Die Fallstricke bei der Versicherungsprüfung: Was tun die Gutachter?
Versicherer nutzen immer mehr präventive Prüfungen (Due Diligence). Sie achten auf folgende Punkte, die zu einer potenziellen Lücke in der Deckung führen können:
- Die Kausalitätskette: Der Gutachter muss nachvollziehen können, dass der Schaden (der Betriebsverlust) *direkt* auf das versicherte Ereignis (z.B. Elementarschaden durch einen Sturm, der das Netz beschädigt) zurückzuführen ist.
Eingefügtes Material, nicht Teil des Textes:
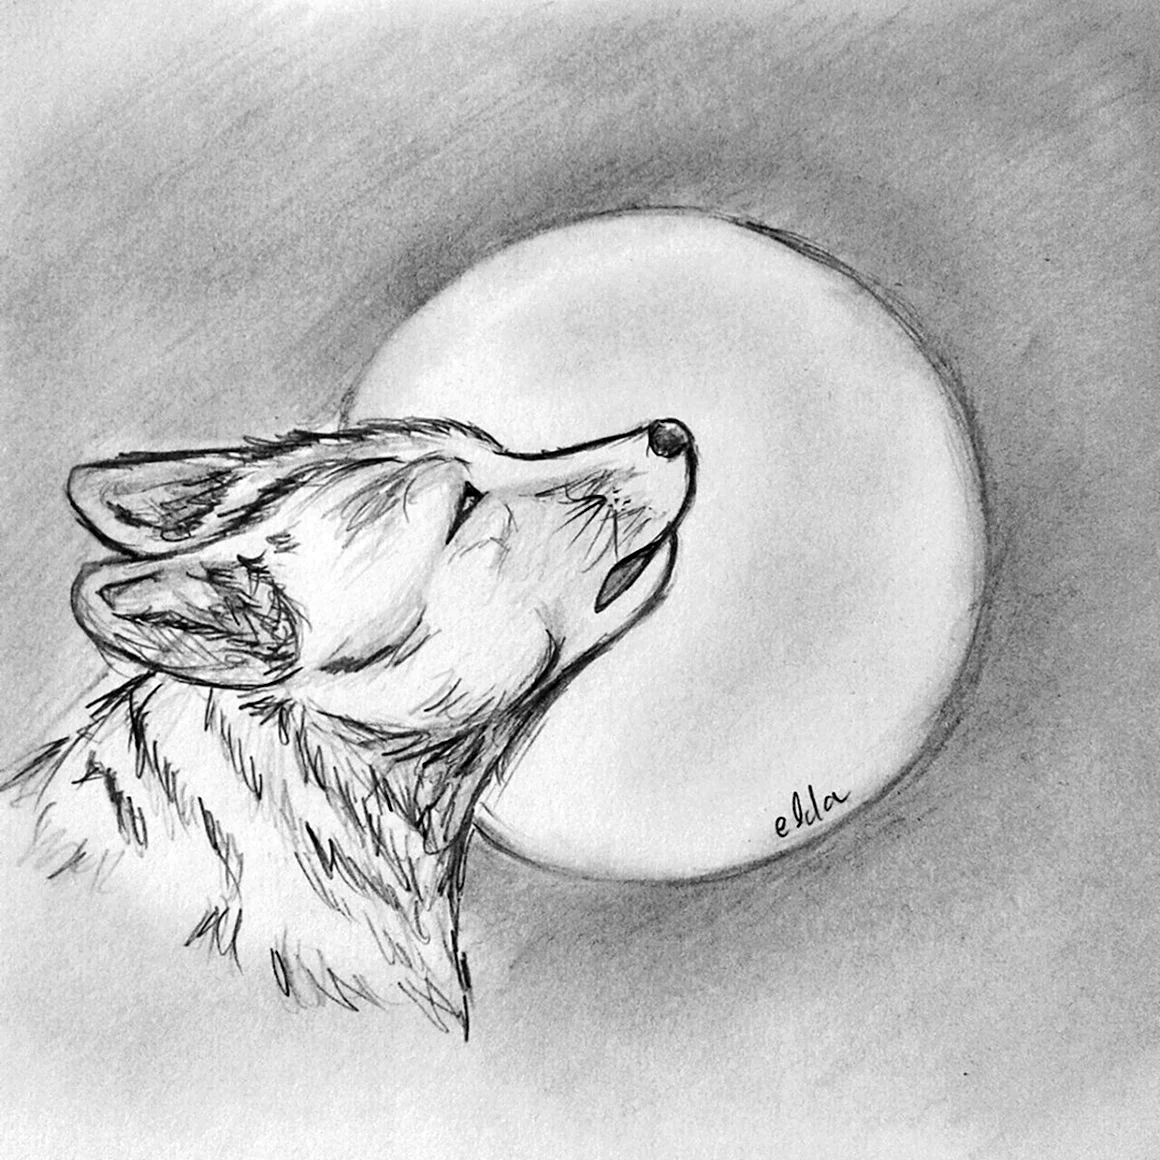 Волк воет на луну рисунок карандашом
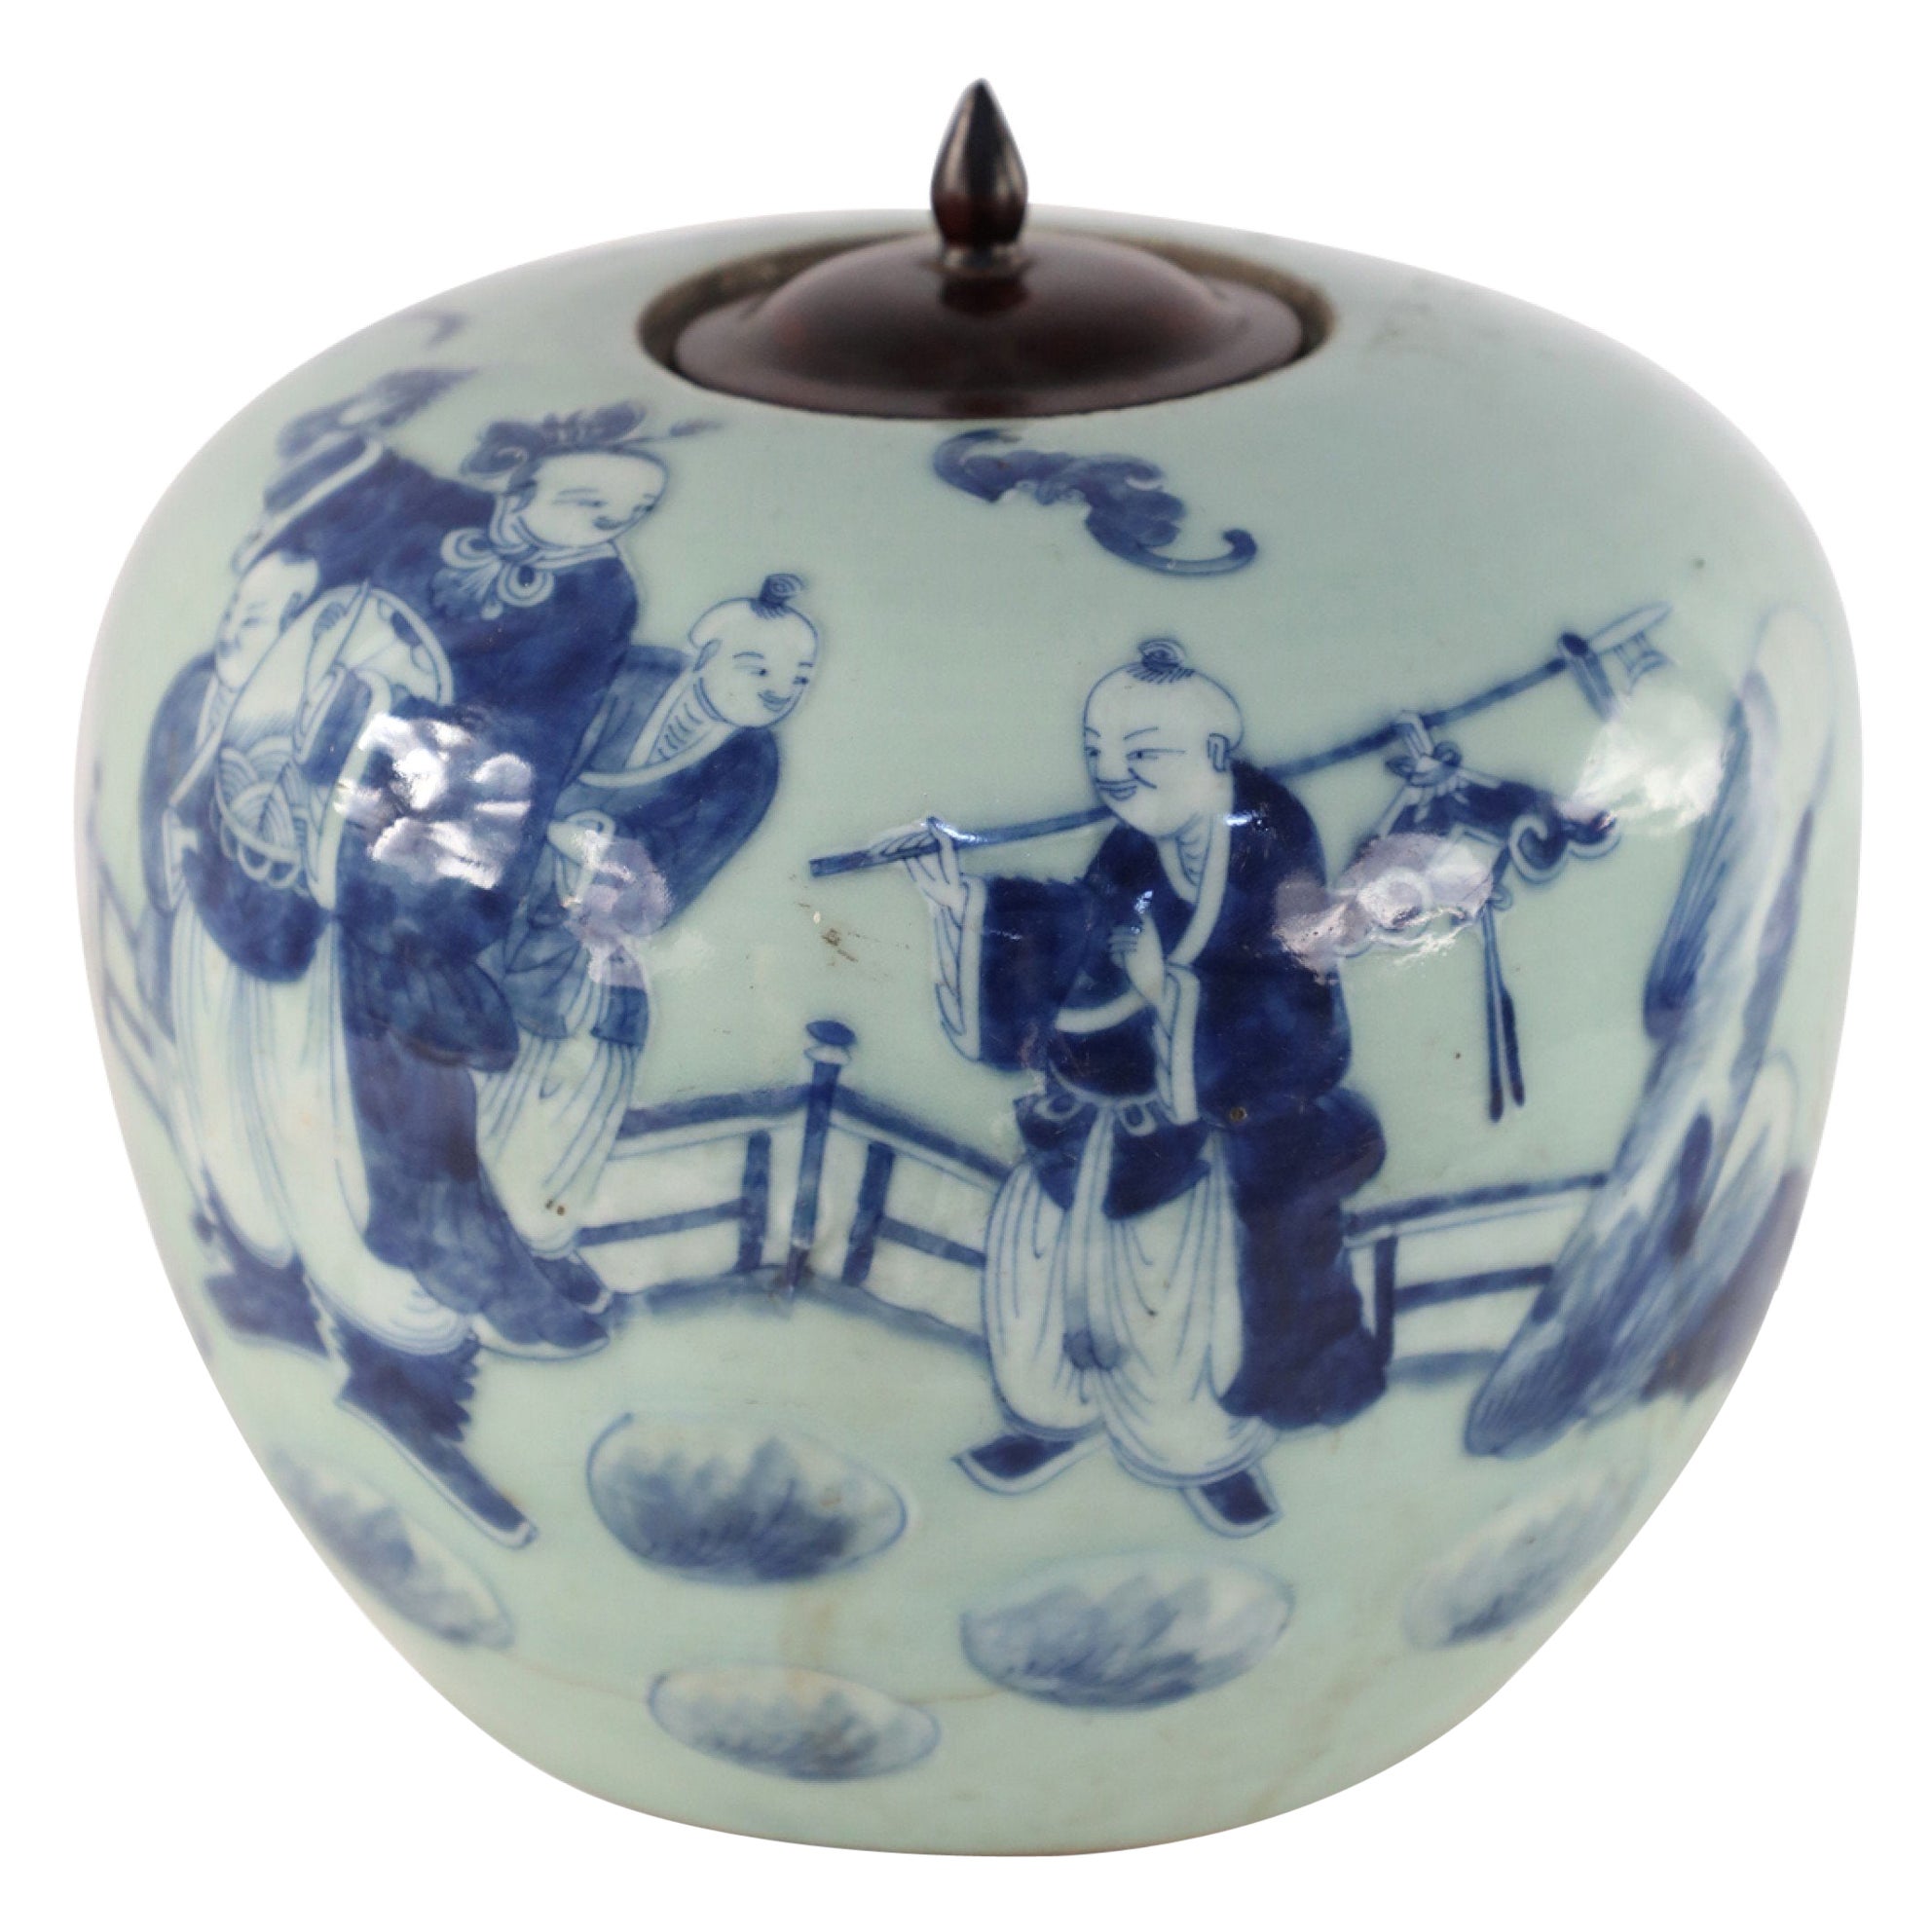 Chinese Celadon and Blue Figurative Lidded Porcelain Ginger Jar

- Die Ursachenklärende Dokumentation: Nach einem Ausfall muss jede einzelne Störung, jeder Mehraufwand und jeder verlorene Umsatz akribisch dokumentiert werden.
- Die Exkulpation (Ausschlüsse): Prüfen Sie minutiös die Ausschlüsse! Viele Policen schließen staatlich verordnete Einschränkungen oder manuelle Bedienfehler aus.
Pro-Tipp des Experten: Bevor ein grosses Problem eintritt, verlangen Sie eine Risikobewertung durch einen unabhängigen Experten, der die lokalen Netzstabilitätsprognosen und die Wetterrisiken für Ihre Region in den Vertrag einbezieht. Verhandeln Sie *spezifische* Klauseln für die regional vorherrschenden Gefahren (z.B. „Erhöhte Deckung für Überspannungsschäden nach lokalen Netzschwankungen“).